* WHAT IS REQUIRED: Only the pictures are to be dropped; the rest of the data below is to be duplicated exactly.

[[ DATASET SECTION open ]]

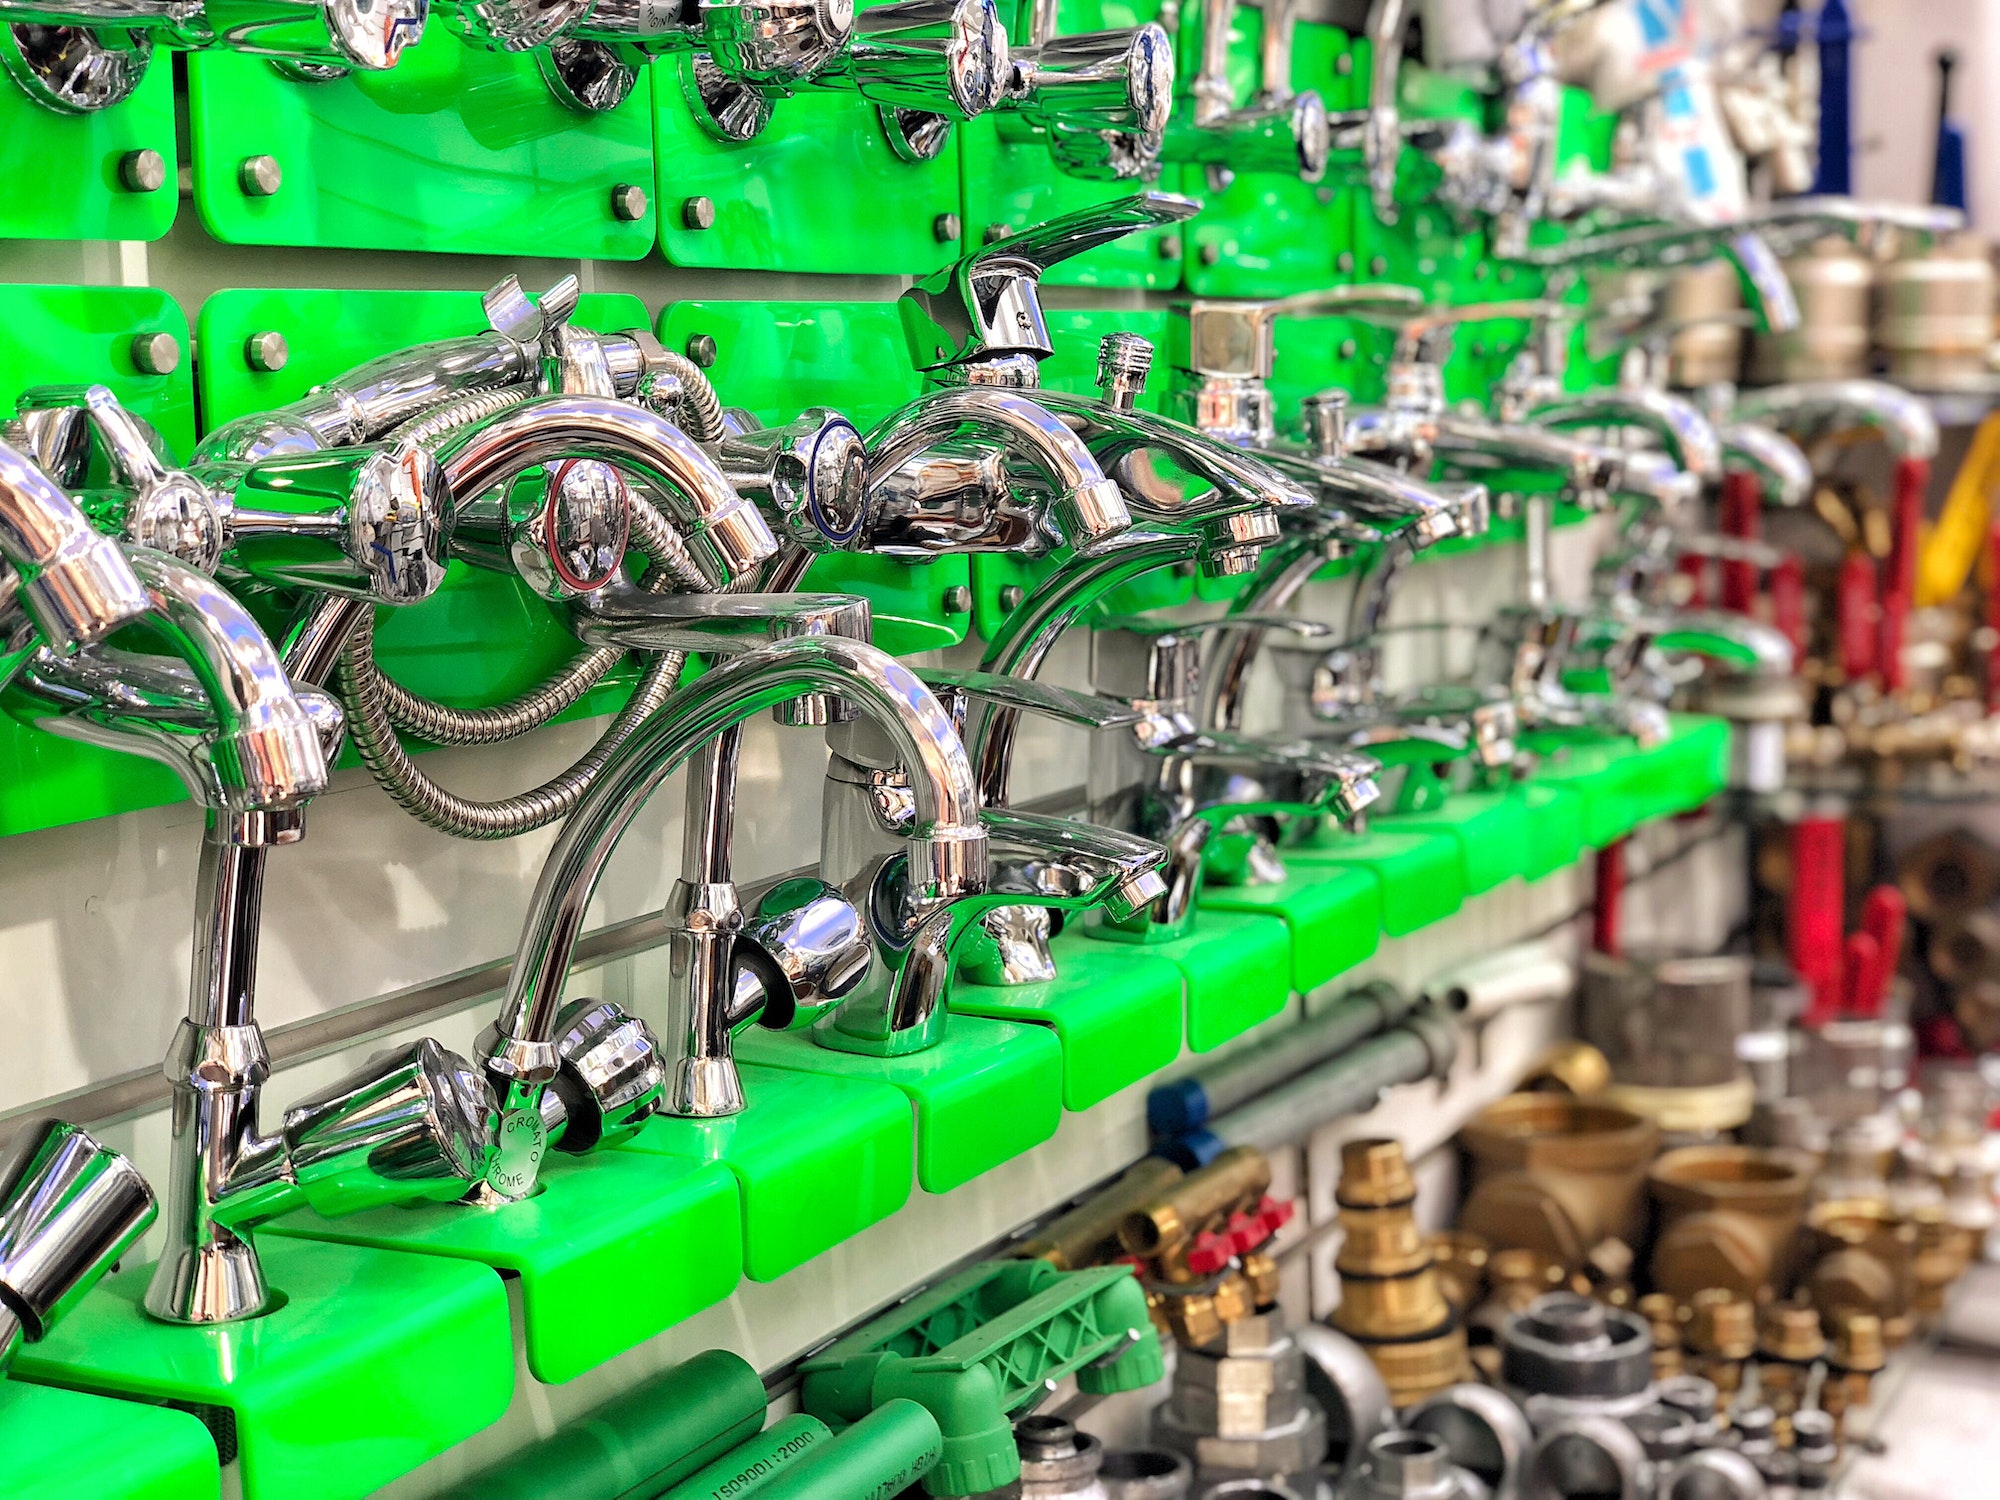 Plumbing store display of faucets
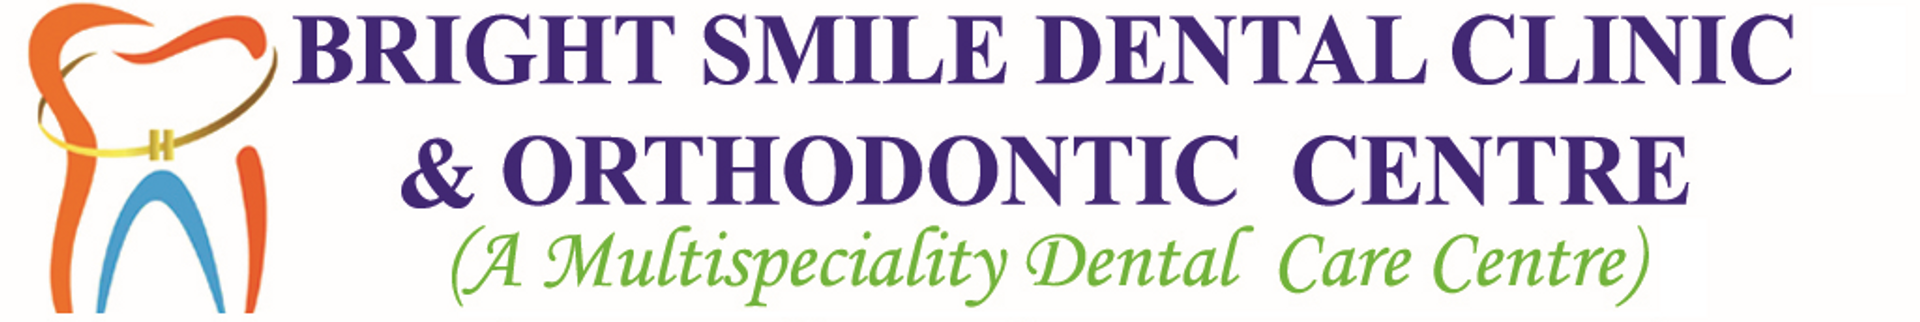 Bright Smile Dental Clinic Orthodontic and Implant Center - Logo
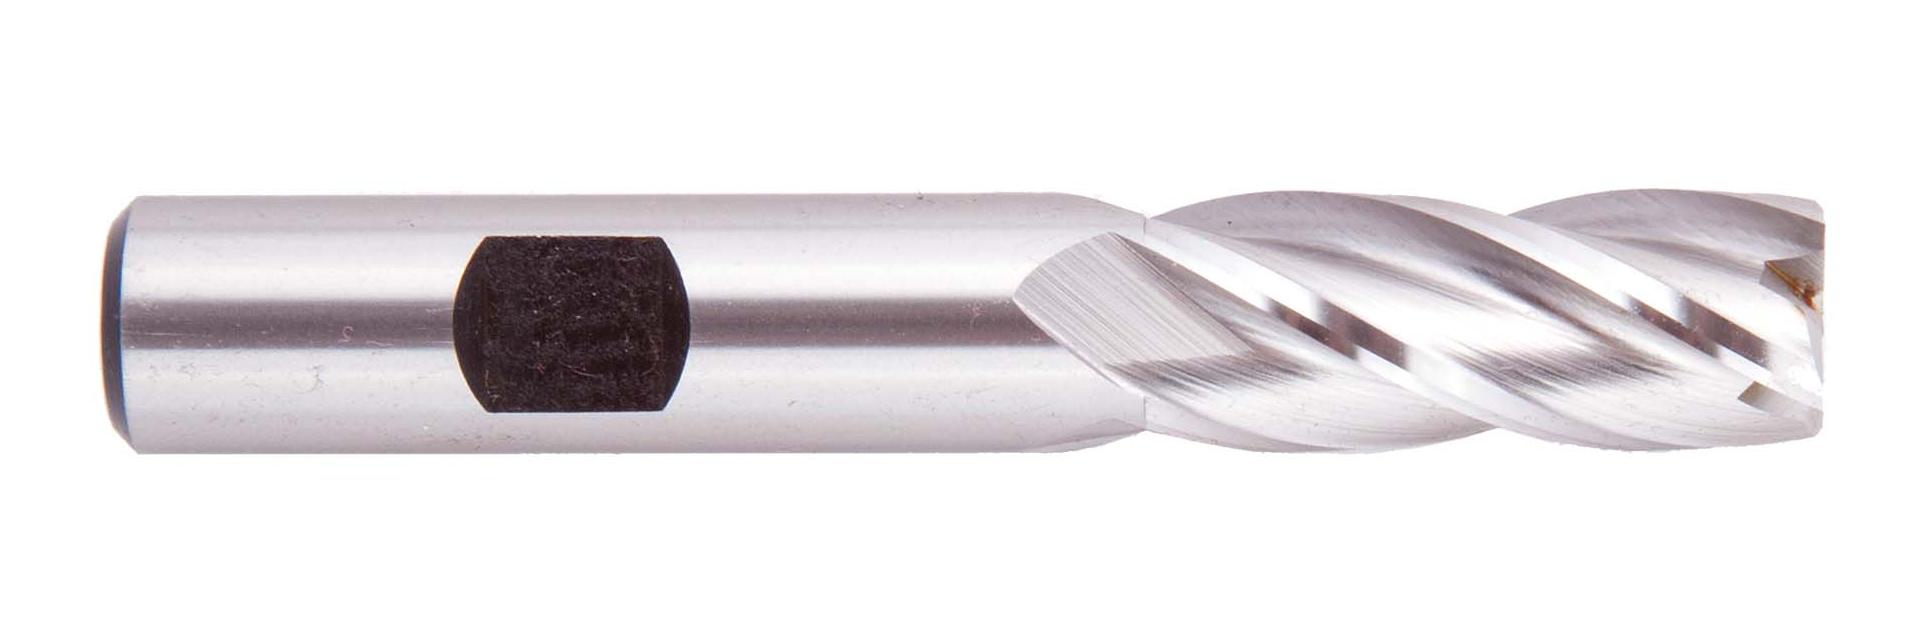 Cleveland C39733 HG-3 High Speed Steel Single End 3-Flute Center Cutting Finisher End Mill

[[ DATASET SECTION closed ]]

* RESULT OF THE TASK:
 Plumbing store display of faucets
 Bright Smile Dental Clinic Orthodontic and Implant Center - Logo
 Cleveland C39733 HG-3 High Speed Steel Single End 3-Flute Center Cutting Finisher End Mill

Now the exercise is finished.